Salah satu
pertobatan yang luar biasa di dalam Perjanjian Baru adalah kisah seorang
pemungut cukai yang bernama Lewi. Pemungut Cukai bertugas memungut pajak dari
masyarakat. Pajak yang dikumpulkan diserahkan kepada pemerintah yang berkuasa,
yaitu kekaisaran Romawi. Pemungut cukai adalah profesi yang tidak disukai oleh masyarakat
Yahudi. Pemungut cukai dianggap sebagai perampok, penjilat, dan pekerja bagi
penjajah. Orang Yahudi tidak anti membayar pajak, namun mereka anti membayar
pajak kepada penjajah yang kafir. Karenanya, pemungut cukai dianggap sebagai
orang berdosa. Mereka adalah penghianat karena bekerja untuk penjajah.
Disamping itu,
pemungut cukai juga tidak disukai karena urusan pajak sering berkaitan dengan
dua dosa yang merugikan. Pertama,
pemungut cukai mudah terjebak dalam korupsi dan penipuan uang (band. Zakheus
dalam Lukas 19.1-10). Kedua, proses
memungut pajak terkadang melibatkan kekerasan. Gambaran di atas nampaknya cukup
untuk menjelaskan mengapa pemungut cukai dibenci oleh masyarakat.
Pertobatan
Lewi sangat sederhana. Ketika Tuhan Yesus memanggilnya, ia berdiri – ia tidak
menunda. Lewi meninggalkan segala sesuatu – pertobatan selalu meninggalkan dosa
dan keterikatan dengan masa lalu. Terakhir, Lewi mengikut Yesus – tindakan ini
menyatakan bahwa pertobatan memberi arah hidup yang baru (ay. 27-28).
Setelah Lewi
bertobat, ia mengadakan perjamuan besar untuk Tuhan Yesus. Tindakan pertama
setelah pertobatan adalah mengucap syukur kepada Tuhan Yesus. Dan jangan lupa,
perjamuan ini adalah perjamuan besar. Mengucap syukur dengan tulus, tentunya disertai
dengan semangat untuk memberikan yang terbaik, bukan yang kurang berarti.

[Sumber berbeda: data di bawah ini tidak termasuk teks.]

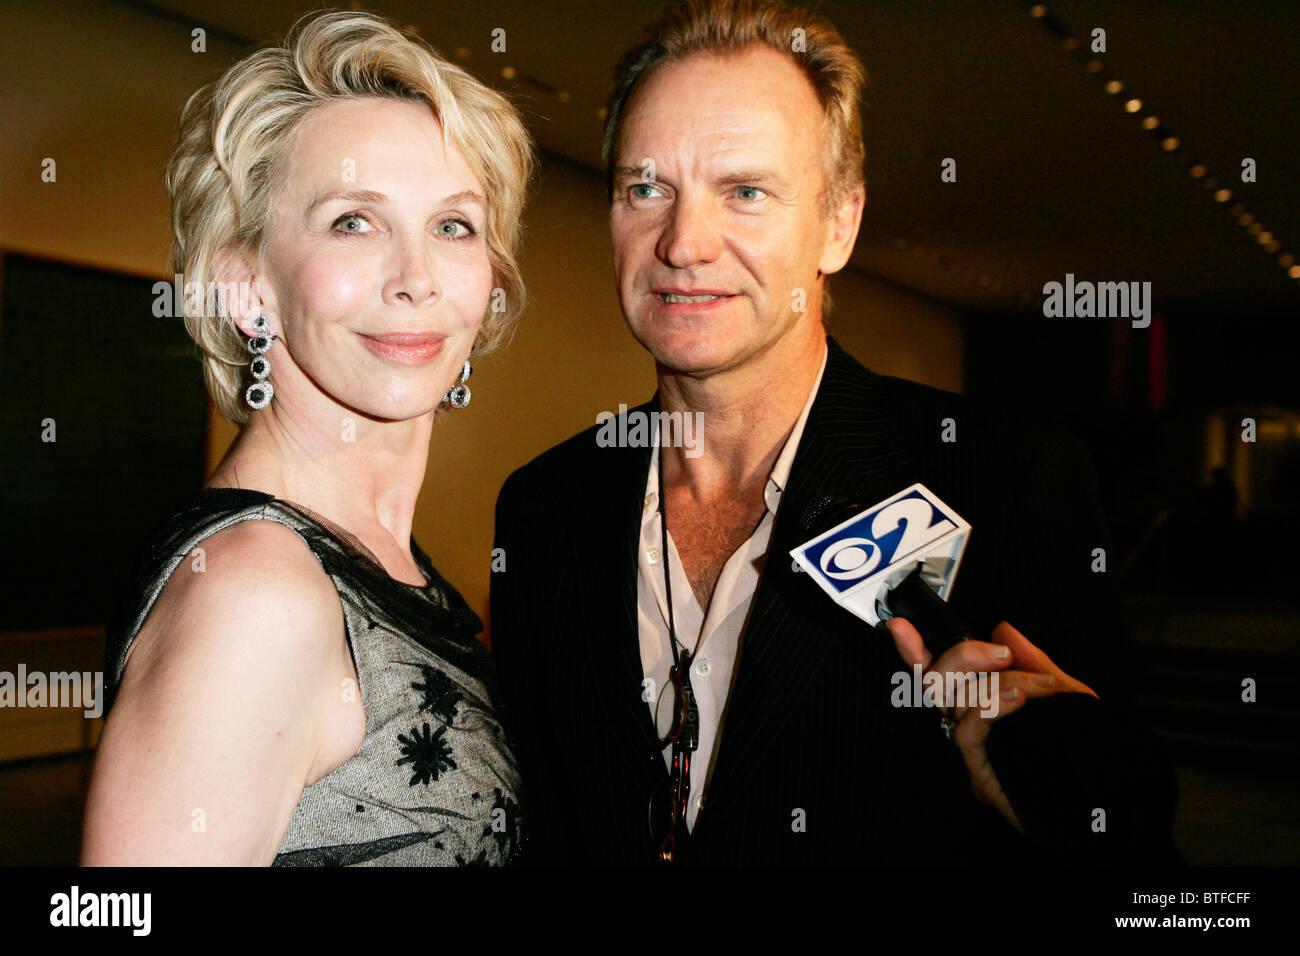 Pop-star Sting und Frau Trudie Styler interviewt im Museum der modernen Kunst (MOMA), New York, USA Stockfoto

Karena Lewi adalah pemungut cukai, maka teman-teman pergaulannya juga para
pemungut cukai. Singkatnya pesta pengucapan syukur itu dipenuhi oleh pendosa
yang jauh dari sucinya agama (ay. 29).
Orang Farisi
yang memang sejak awalnya tidak menyukai Tuhan Yesus menemukan satu alasan lagi
untuk menyalahkannya. Mereka berkata: ‘Lho rohaniwan kog bergaulnya sama
pendosa? – Pasti ia bukan rohaniwan sejati.’ Dari tuduhan itulah, Tuhan
mengatakan bahwa Ia datang untuk orang berdosa, bukan untuk orang benar; untuk
orang sakit, bukan orang sehat (ay. 30-32). Apakah Tuhan membenci orang benar?
Tidak. Tapi Tuhan Yesus melandasi perkataannya di atas 3 dasar: (1) Kritik
terhadap orang Farisi yang merasa benar secara ritual, tetapi bobrok secara
etika dan moral; (2) Kritik terhadap orang Farisi yang merasa benar sendiri dan
selalu memandang orang rendah orang lain yang tidak sebaik dirinya; (3) Tuhan
Yesus datang supaya orang-orang memperoleh keselamatan melalui pertobatan. Yang
merasa benar tentu tidak memerlukan Tuhan Yesus. Yang merasa sehat, tentu tidak
memerlukan dokter. Hanya yang berdosa akan mencari Tuhan Yesus, sumber
keselamatan itu.
Natal telah
tiba. Tuhan Yesus sudah datang. Sudahkan kita mengalami kedatangan-Nya dengan
bertobat dan memulai hidup yang baru? Semua proses pertobatan dimulai dari
pengakuan yang jujur akan kejahatan dan dosa-dosa kita.